-- TASK PROMPT --
The whole listing that follows is to be restated word for word, images excluded.
**** DATA SHOWN
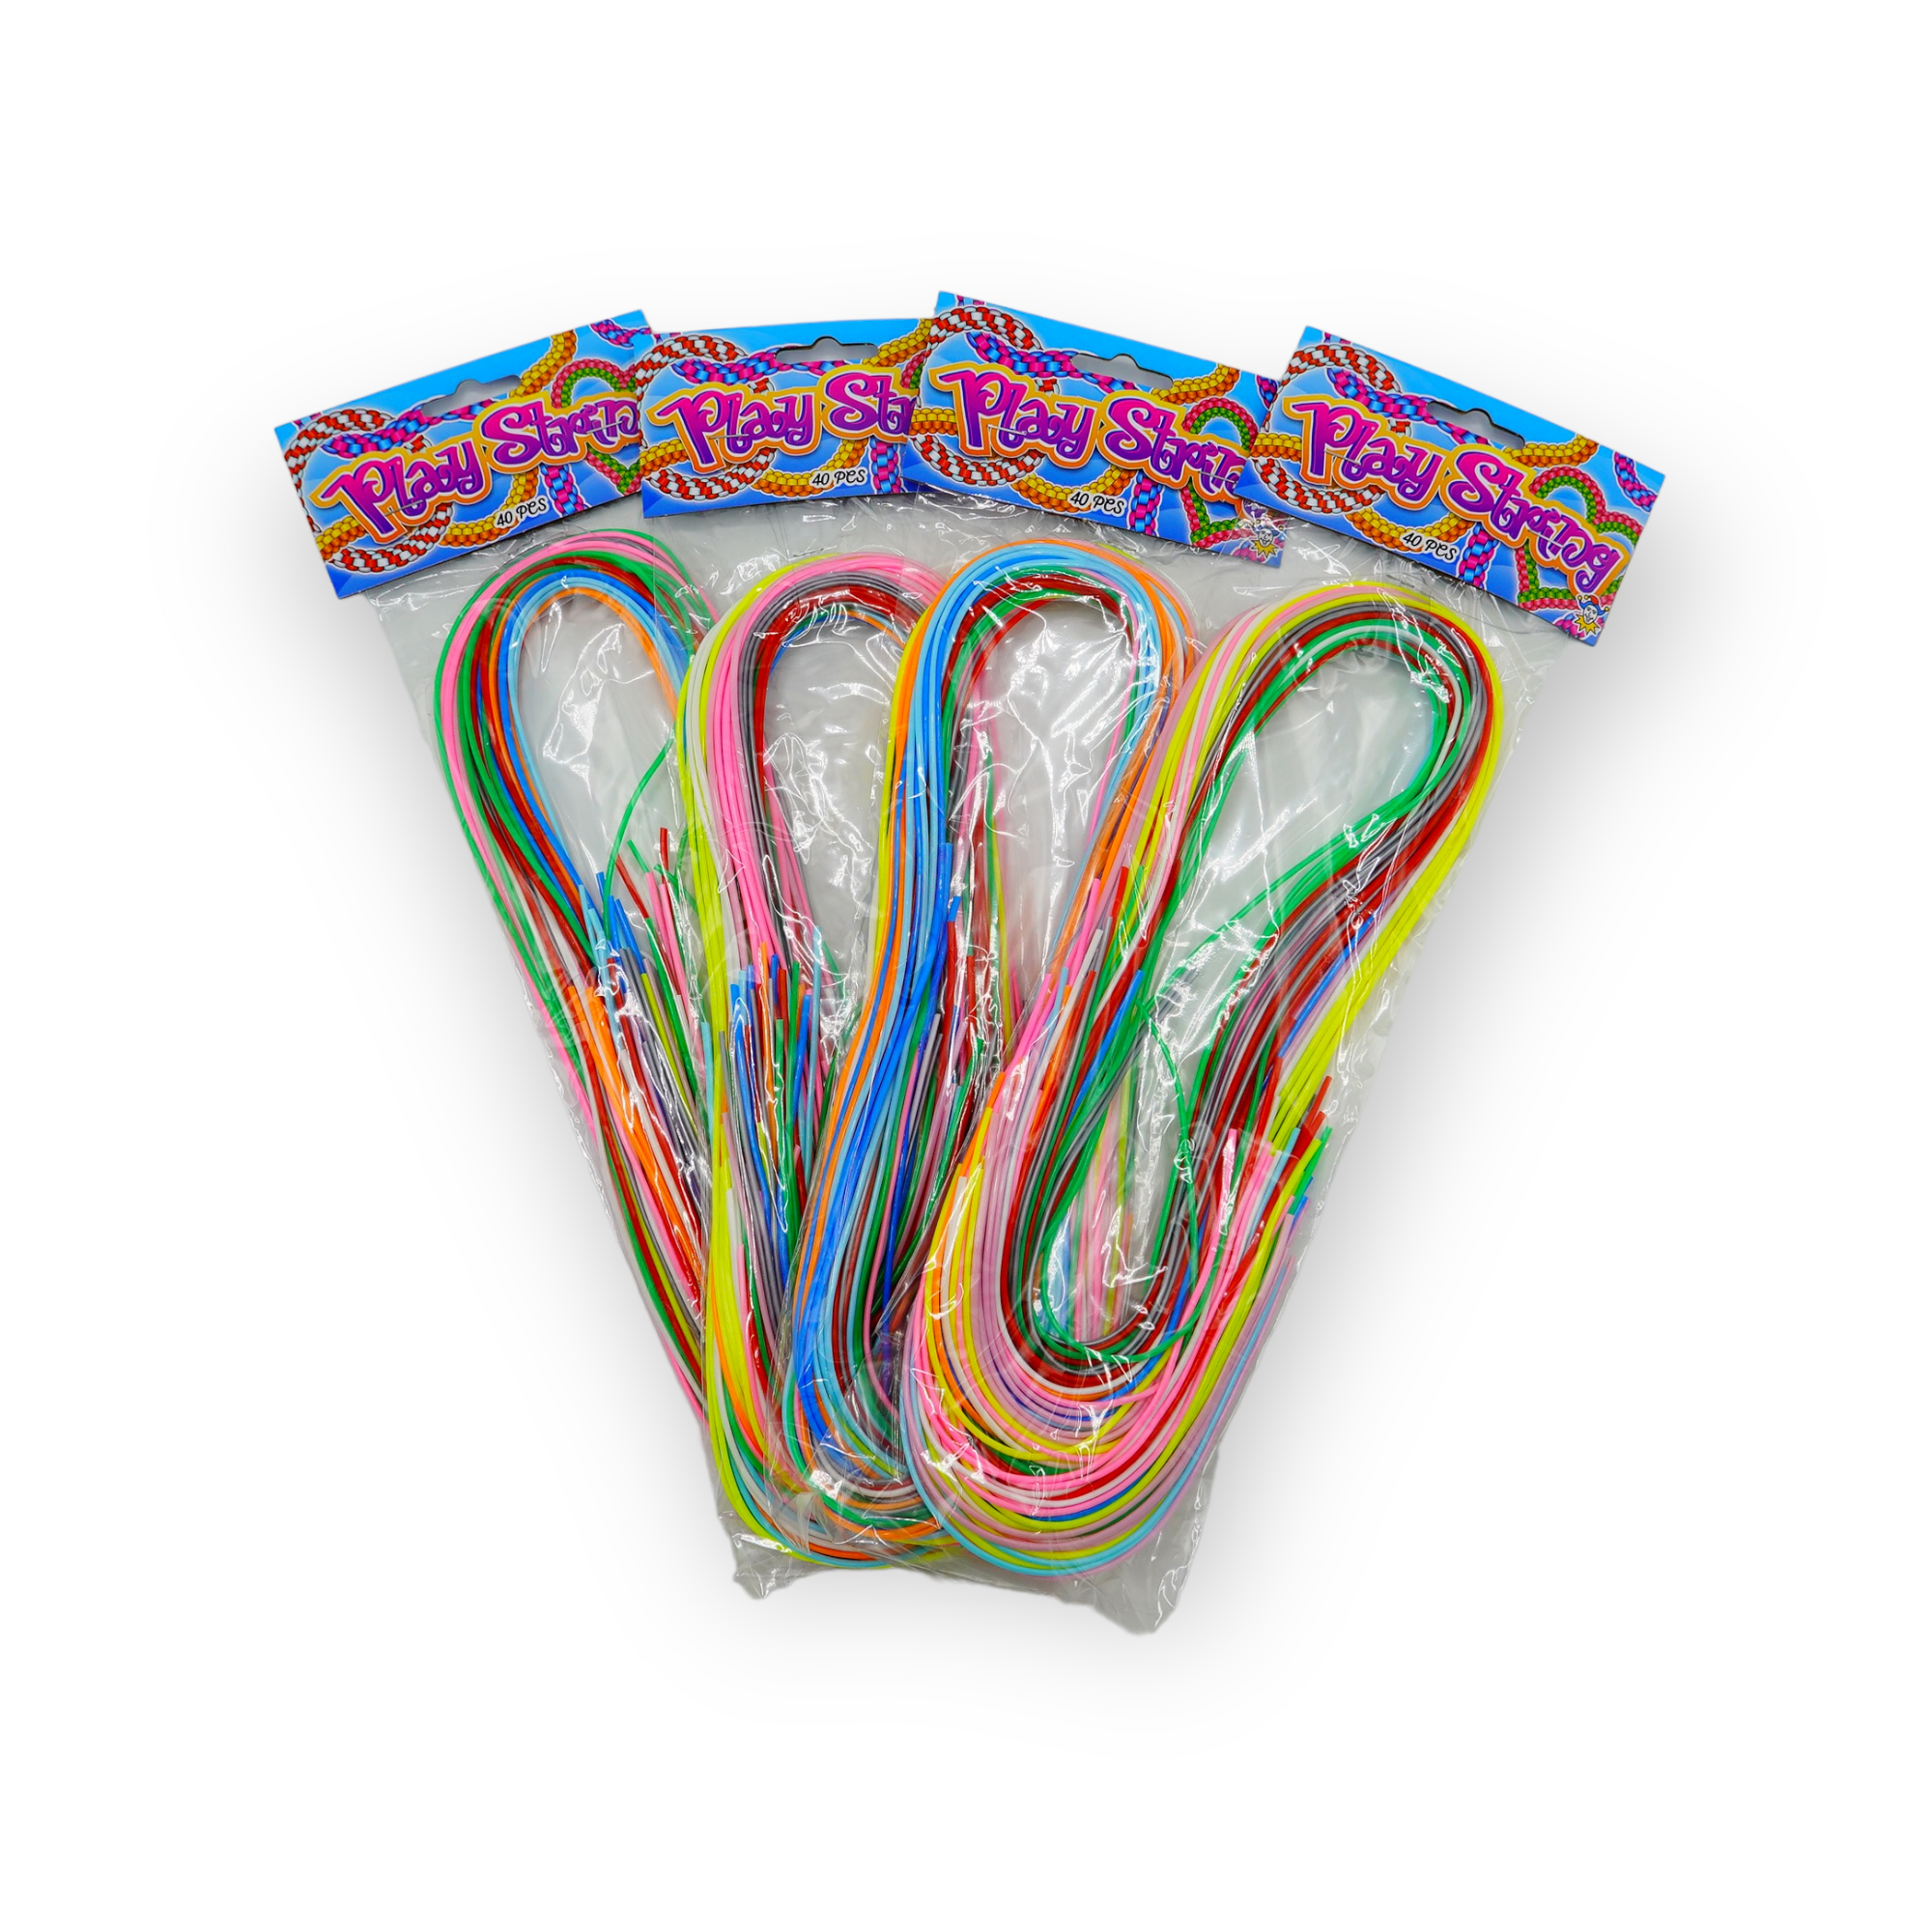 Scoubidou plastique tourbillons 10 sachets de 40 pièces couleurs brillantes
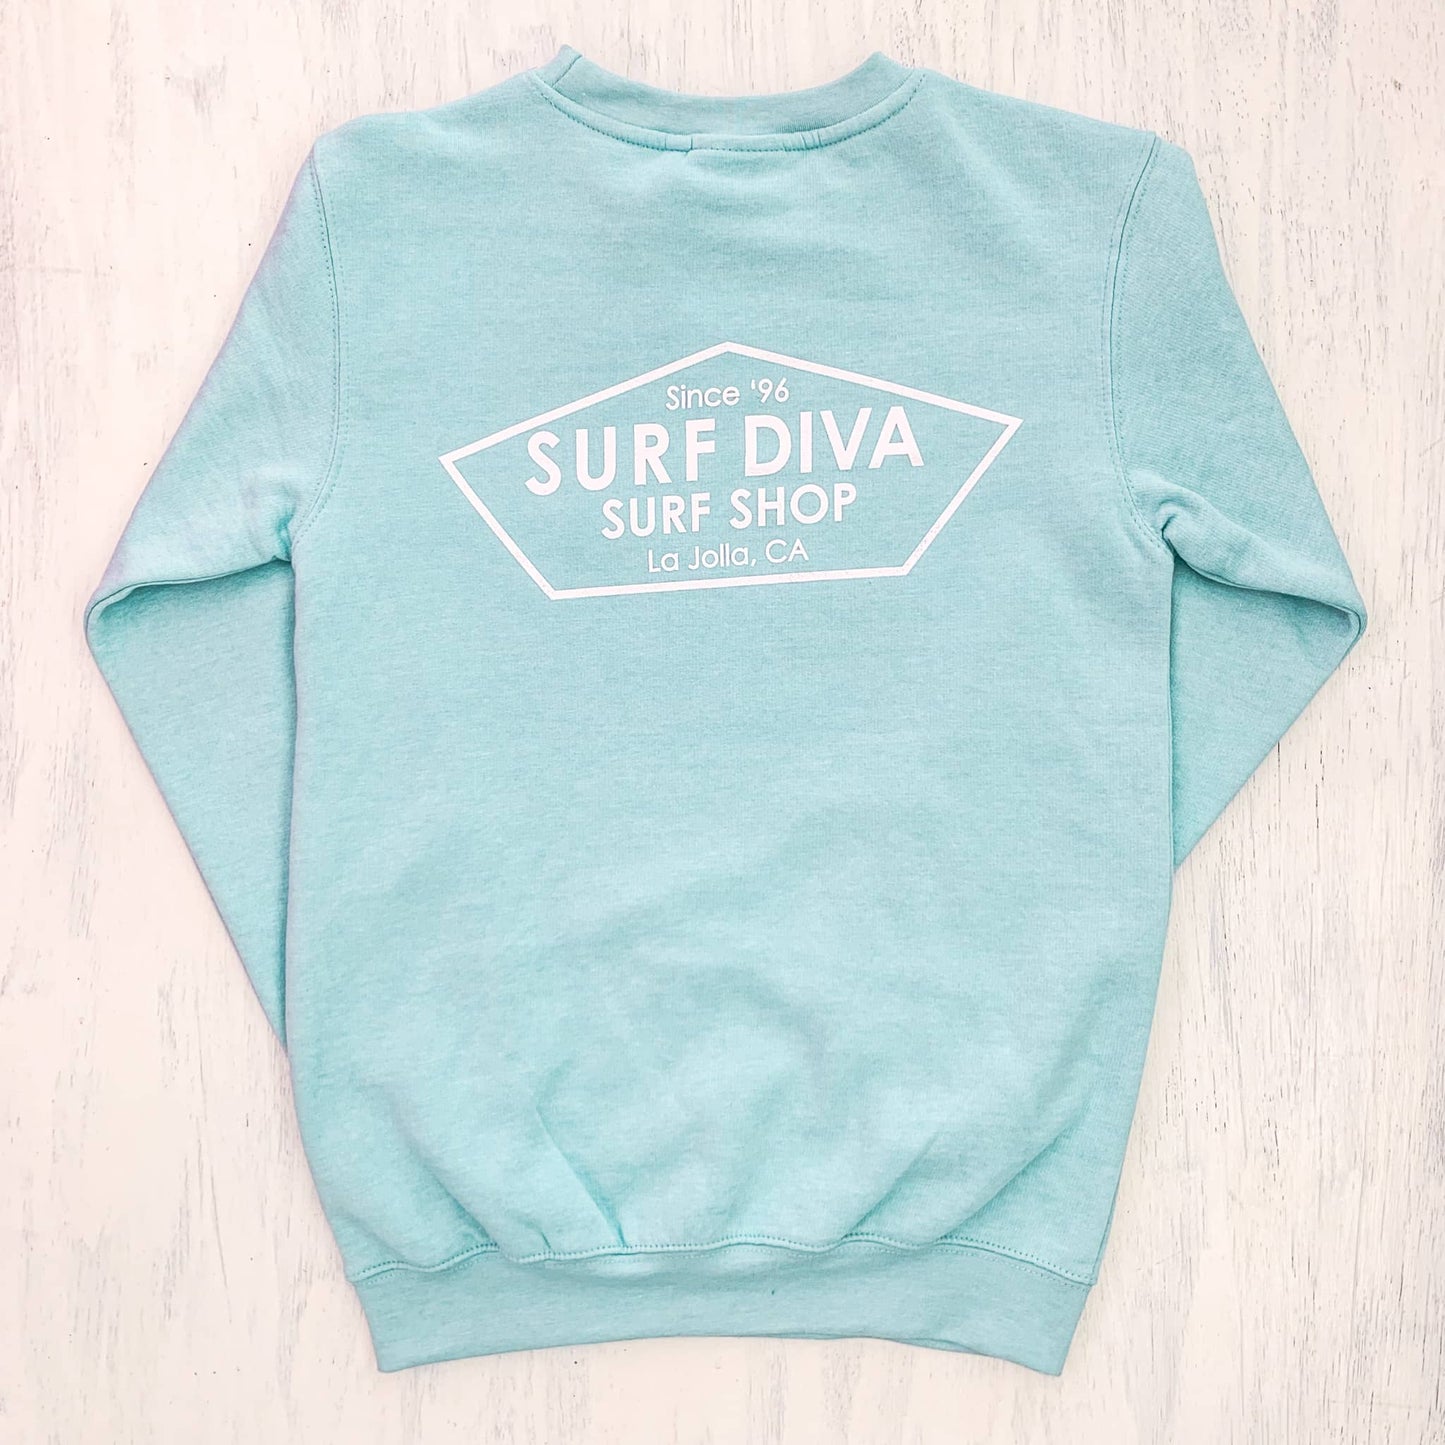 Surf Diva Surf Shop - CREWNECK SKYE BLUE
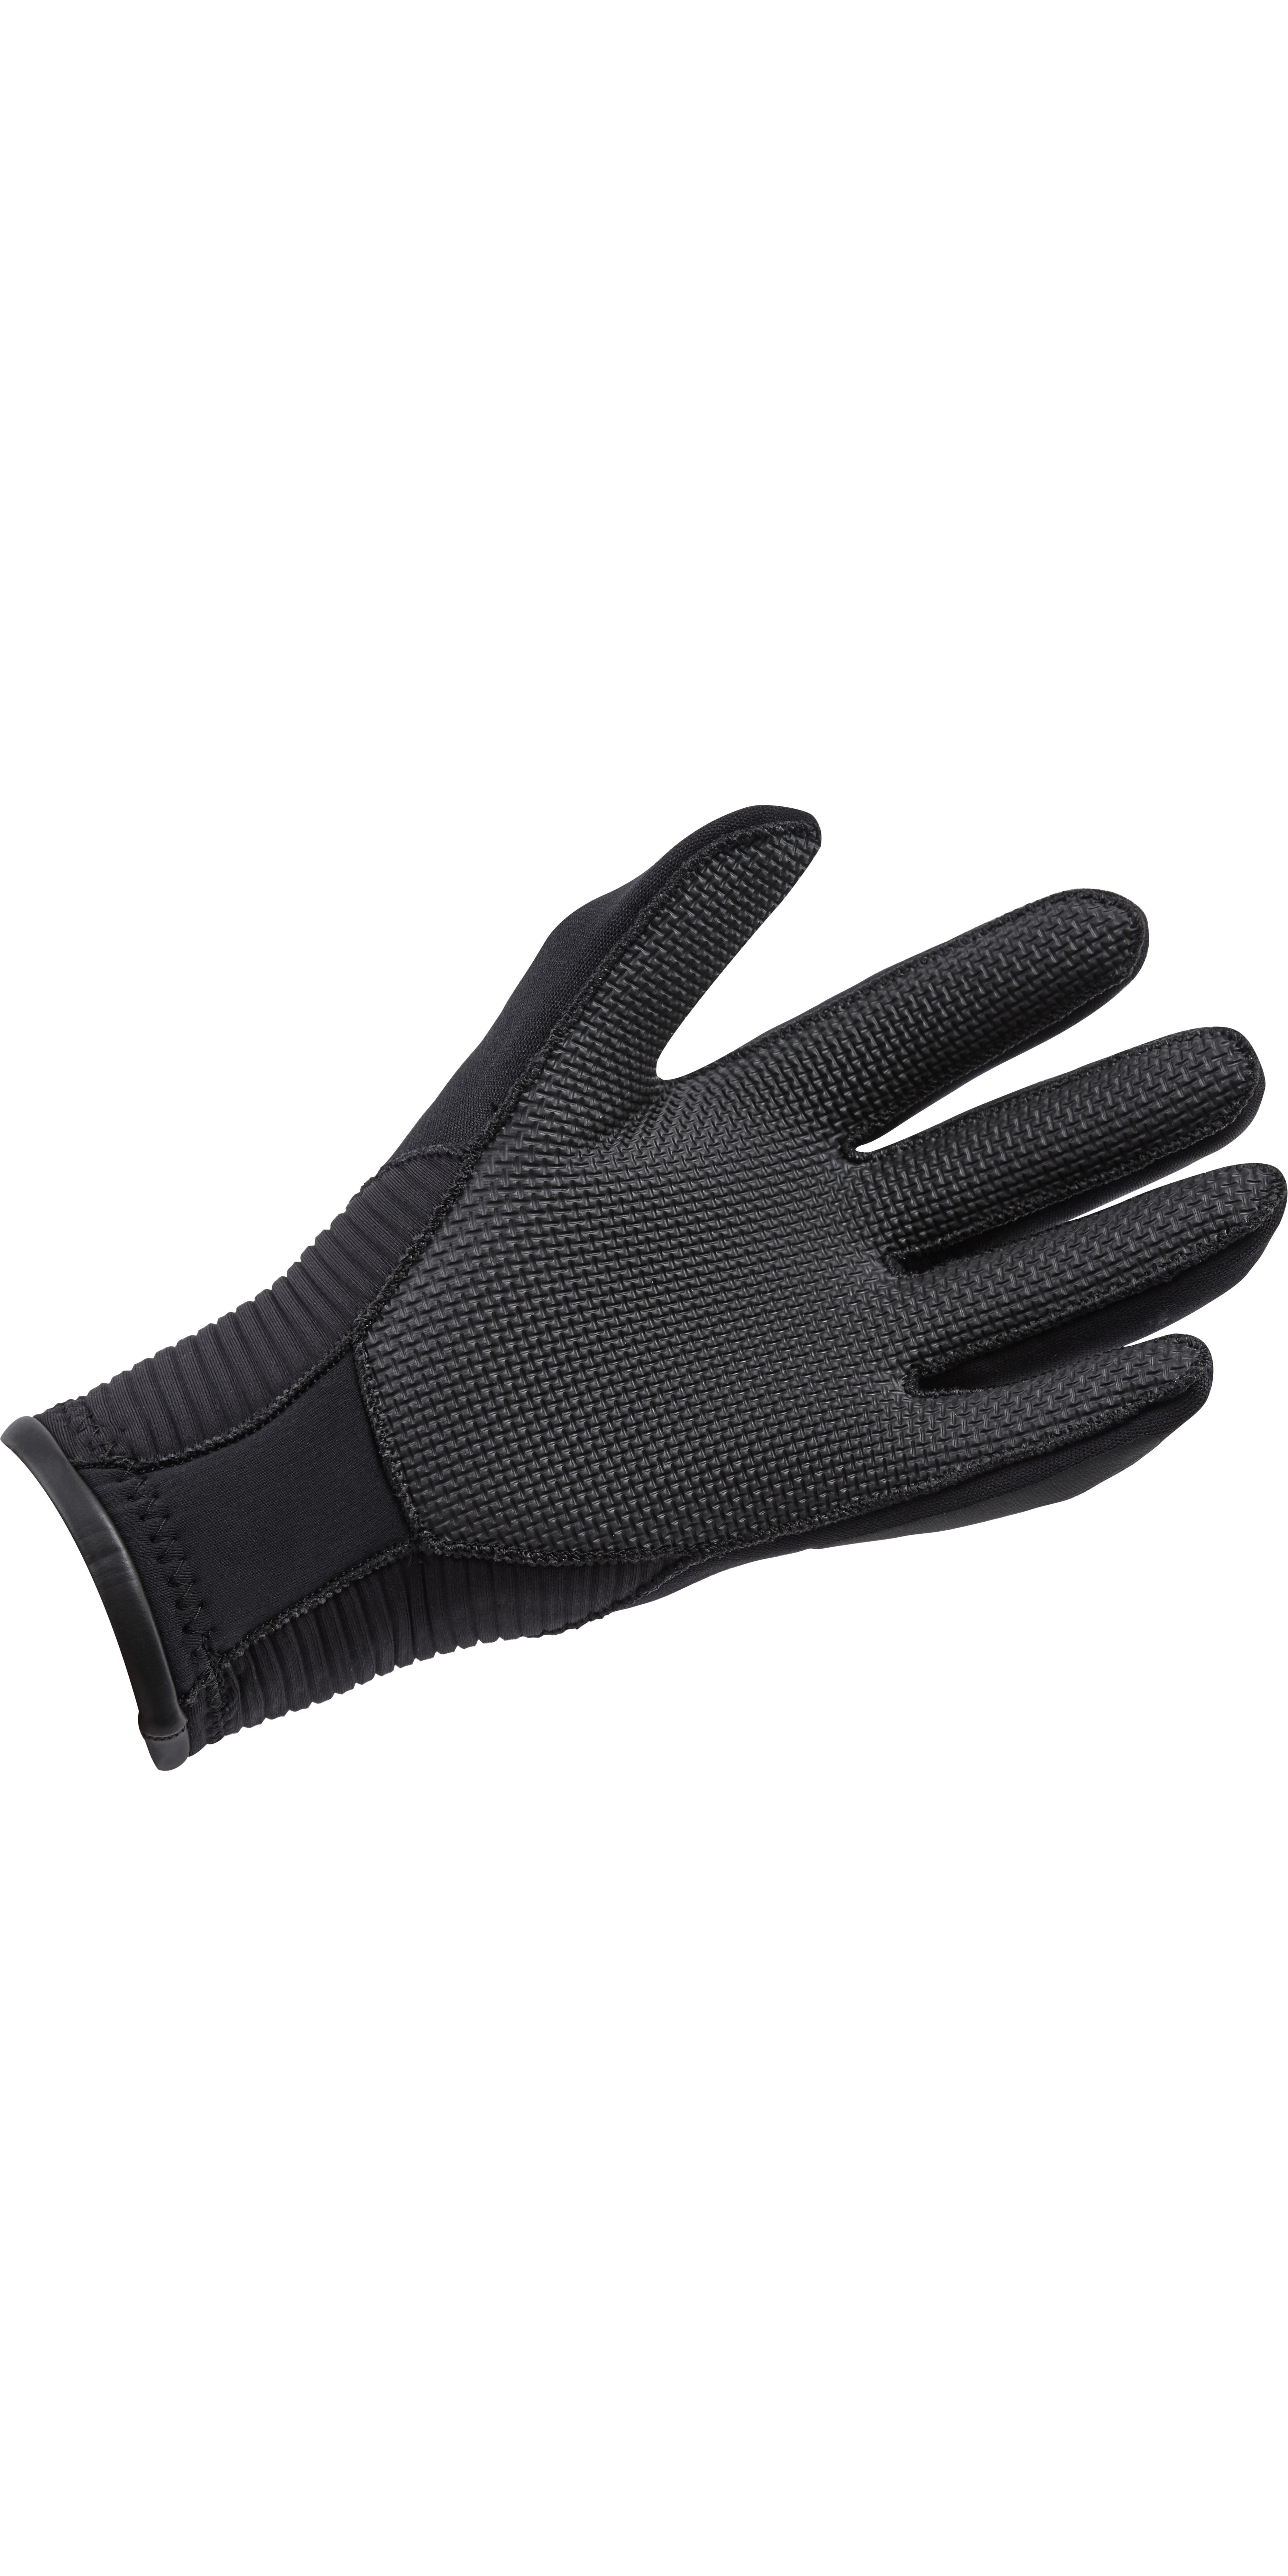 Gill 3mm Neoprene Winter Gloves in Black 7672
********
-- RESULT FOR THIS EXERCISE --
 Scoubidou plastique tourbillons 10 sachets de 40 pièces couleurs brillantes
 Surf Diva Surf Shop - CREWNECK SKYE BLUE
 Gill 3mm Neoprene Winter Gloves in Black 7672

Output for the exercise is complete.